Infrastructure as Code and GitHub Pages sources for the Derploid website
https://www.derploid.com/
MIT License
2 stars 0 forks source link

Create health checks for main website #43

Closed Rabadash8820 closed 2 years ago

Rabadash8820 commented 2 years ago

This is unrelated to #33, which was about the uneducated idea of "health checking DNS records", which is not a thing. Here we're talking about adding actual health checks to the website at www.derploid.com, so that we can be notified if/when the site is down. Additional health checks for the other, "redirect" domains might still be good too, so that we know all of those rules are working correctly.

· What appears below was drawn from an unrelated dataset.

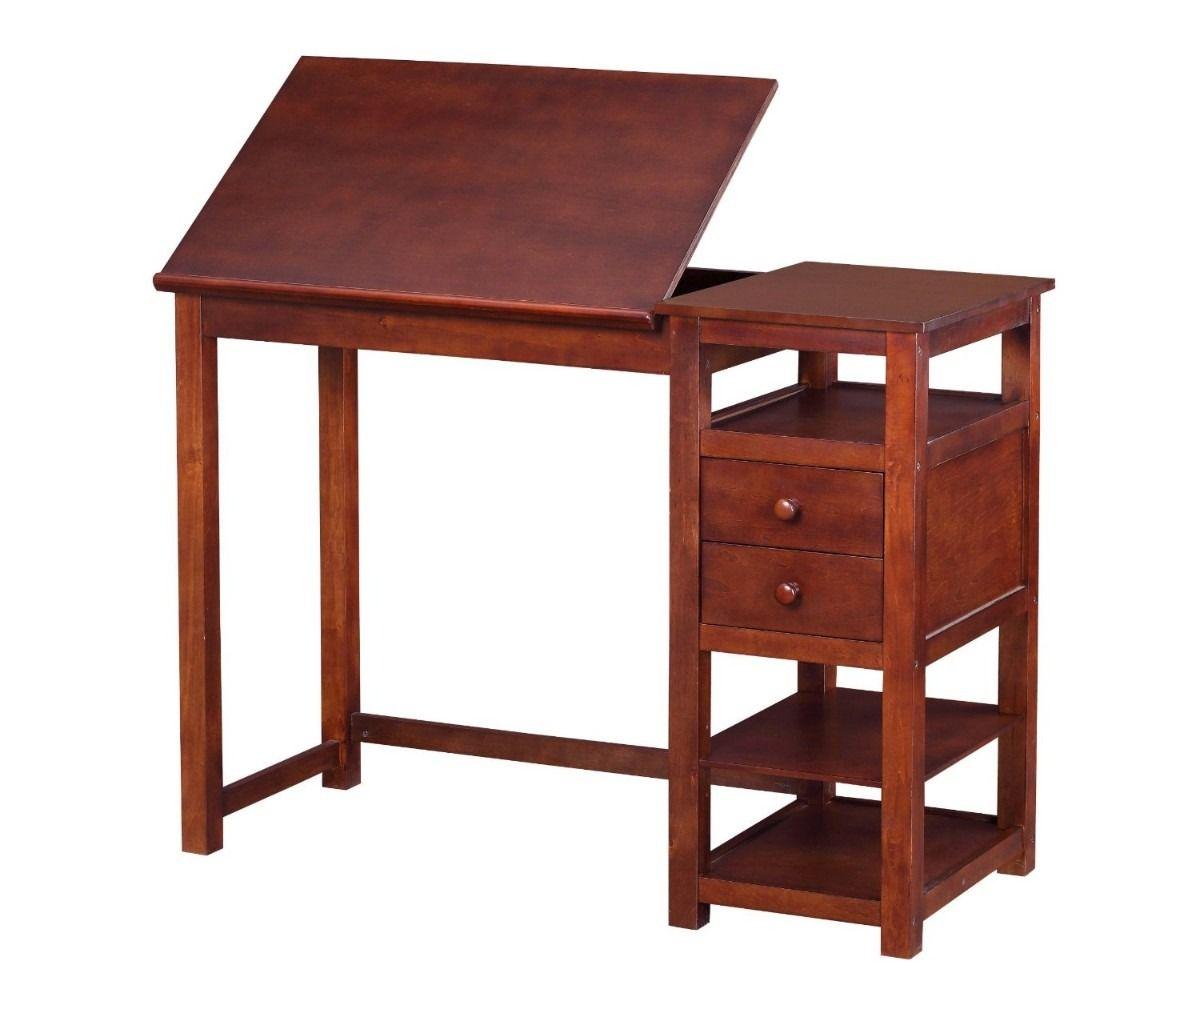 Mesas De Dibujo Con Escritorio Para Arquitectos Buscar Con Google Muebles Para Espacios Reducidos Mesa De Dibujo Diseno De Muebles

Rabadash8820 commented 2 years ago

So yeah, after giving this some more thought, this is how it should all work:

FWIW, I also considered these alternatives to Route53 HealthChecks:

  1. CloudWatch Synthetic Canaries: these are automated canaries that call the configured endpoint on a regular schedule. They're very similar to Route53 HealthChecks, but able to validate multiple things per request, or even across multiple requests in a workflow (e.g., for automated UI testing). The additional power comes at a price: the first 100 canary runs per month are free, then its $0.0012 per canary run thereafter. Using the Pricing docs example of an endpoint called every 5 minutes, this would come about to another ~$10. We would probably check the "redirect" domains even less frequently, say once per hour or once per day, but across all (sub)domain checks, this could get pricey. Route53 run more often (every 30 sec max) for a lower price ($0.50 per health check per month + $1 per "optional" feature per month).
  2. Defining Lambda Functions to call our endpoints regularly. This would give us the most power, and might even be the cheapest option, but would also require the most complexity and tedium to set up. Each Lambda Function would need to call an endpoint, check the HTTP status code, check the response body, parse it for particular strings, and send metrics to CloudWatch. This would also involve using CDK assets for the Lambda code, which I'm not really ready to learn about just for this use case, and things would get even more complicated to measure latency and other metrics that Route53 health checks already provide out of the box.